Richard Siken (author of War of Foxes, forthcoming in 2015):
If there was a scale from 1 to 100 -- from pure clarity to absolute incomprehensibility -- I would want each and every number within that range to be represented. There are, and there should be, as many kinds of poetry as there are genres of music, architecture, painting, sculpture. I think we're so impoverished in our thinking, so frugal in our experiences, that we believe we always know what we want and we should get that every time.

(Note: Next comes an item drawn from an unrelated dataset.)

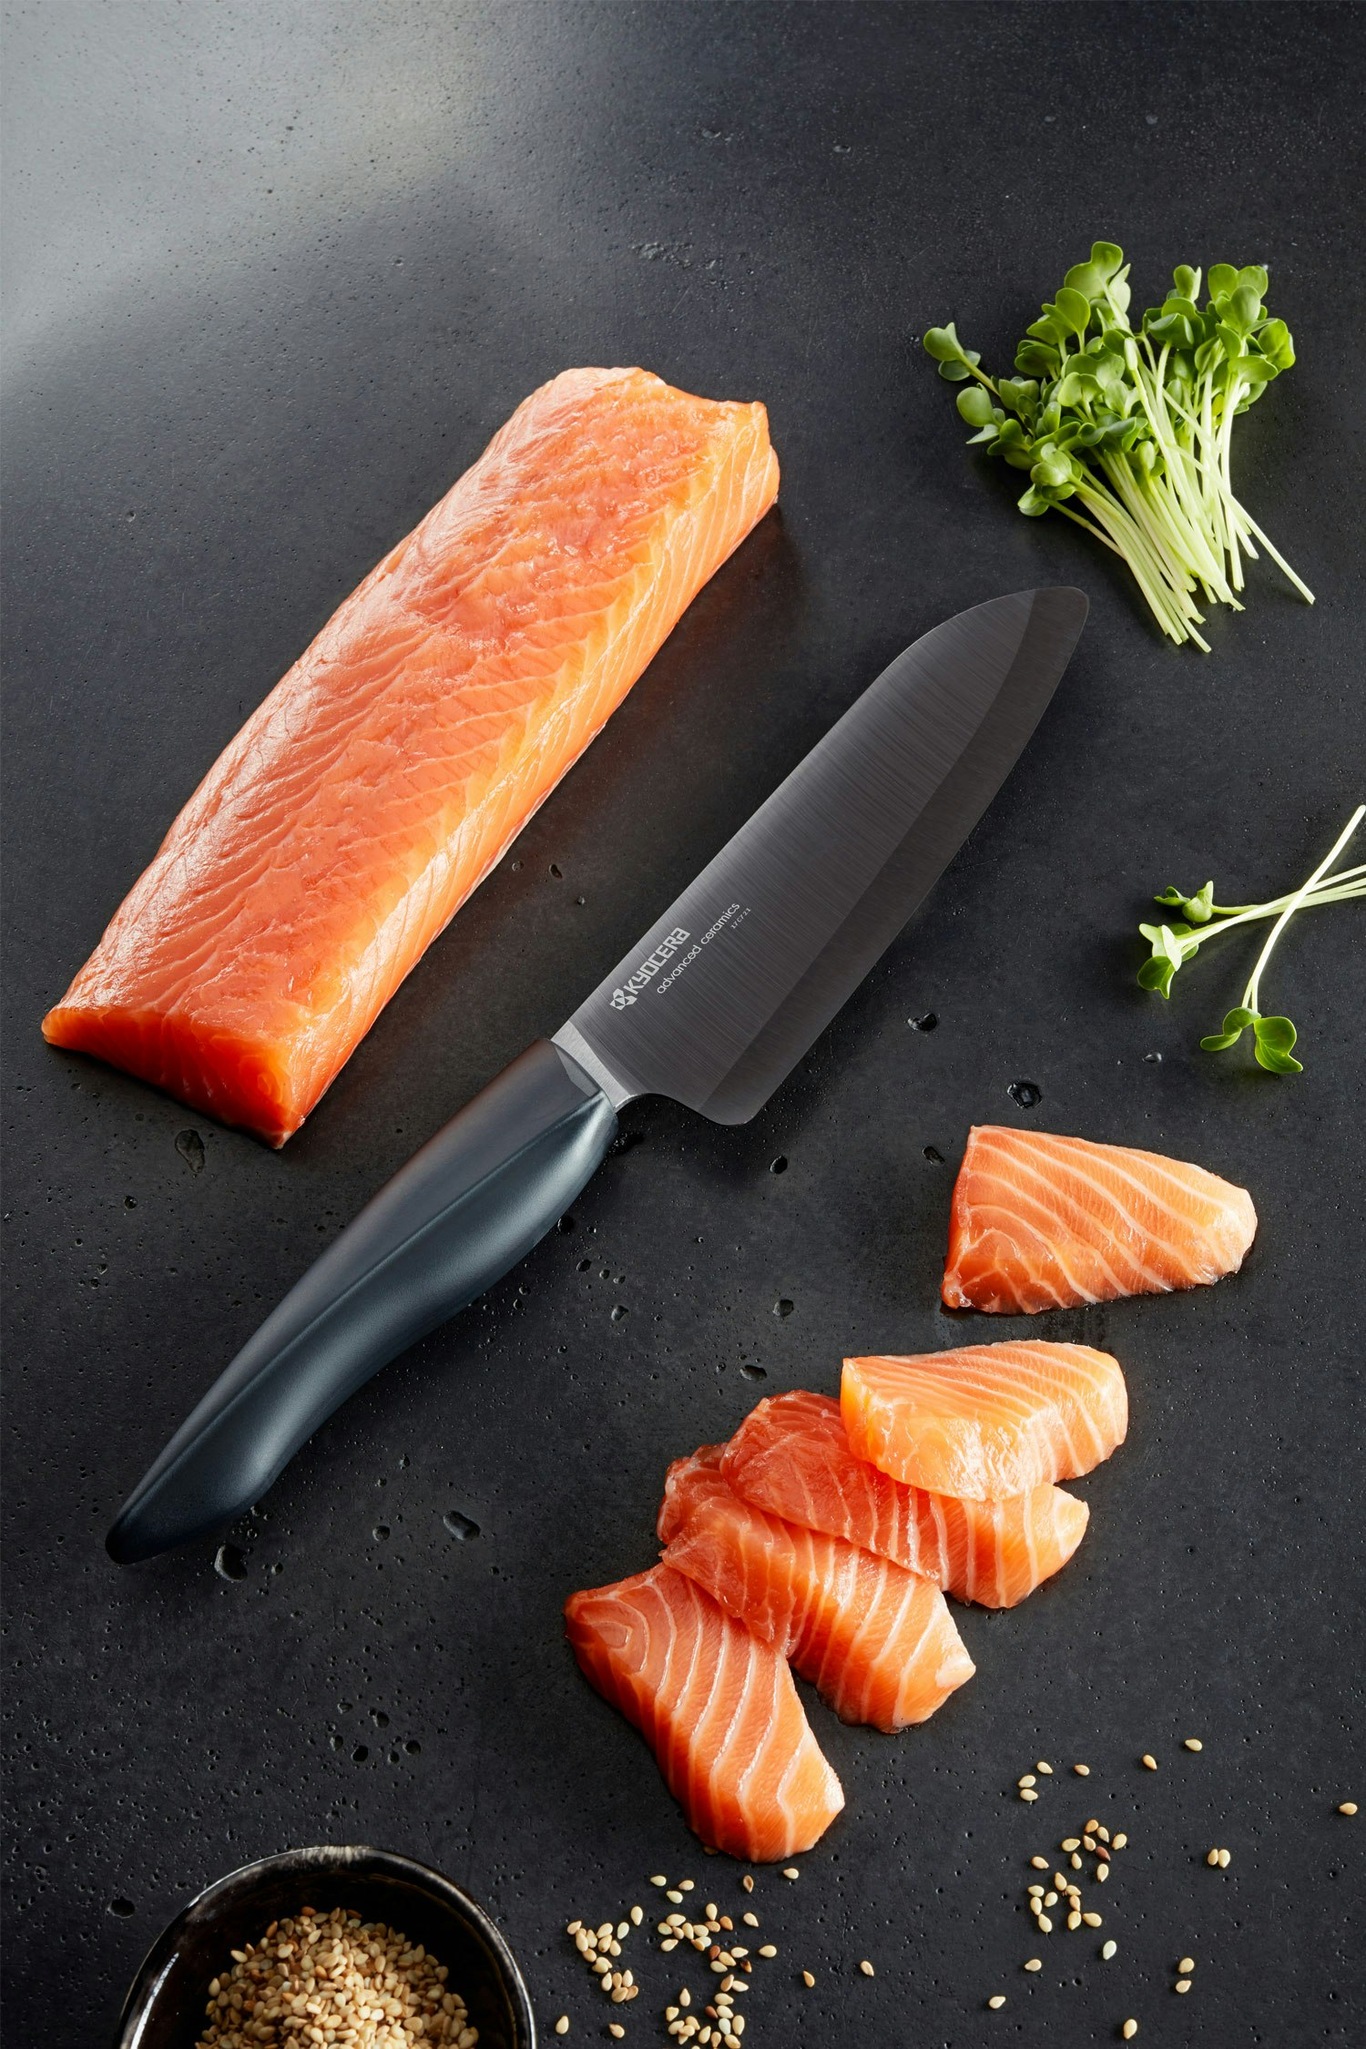 https://royaldesign.com/image/2/kyocera-shin-chef-knife-santoku-knife-16-cm-black-1?w=800&quality=80

5. What book are you reading right now?

Adam Fitzgerald:
Einstein: A Biography, by Jürgen Neffe, translated by Shelley Frisch.

Henri Cole:
The Journals of Sylvia Plath.

Matthea Harvey:
Boy, Snow, Bird by Helen Oyeyemi.

Cyrus Cassells (Author of Crossed-Out Swastika):
Right now I'm reading The Earth Avails by Mark Wunderlich.

Heather McHugh:
Joe Wenderoth's If I Don't Breathe, How Do I Sleep.

Robert Pinsky:
The Roots of Romanticism by Isaiah Berlin. Also, Welcome to Dingburg, by Bill Griffith.

David Lehman (author of New and Selected Poems):
Exit Ghost by Philip Roth.

Alfred Corn:
An early novel of Marguerite Yourcenar's, titled Coup de grâce. I don't believe it has been translated yet.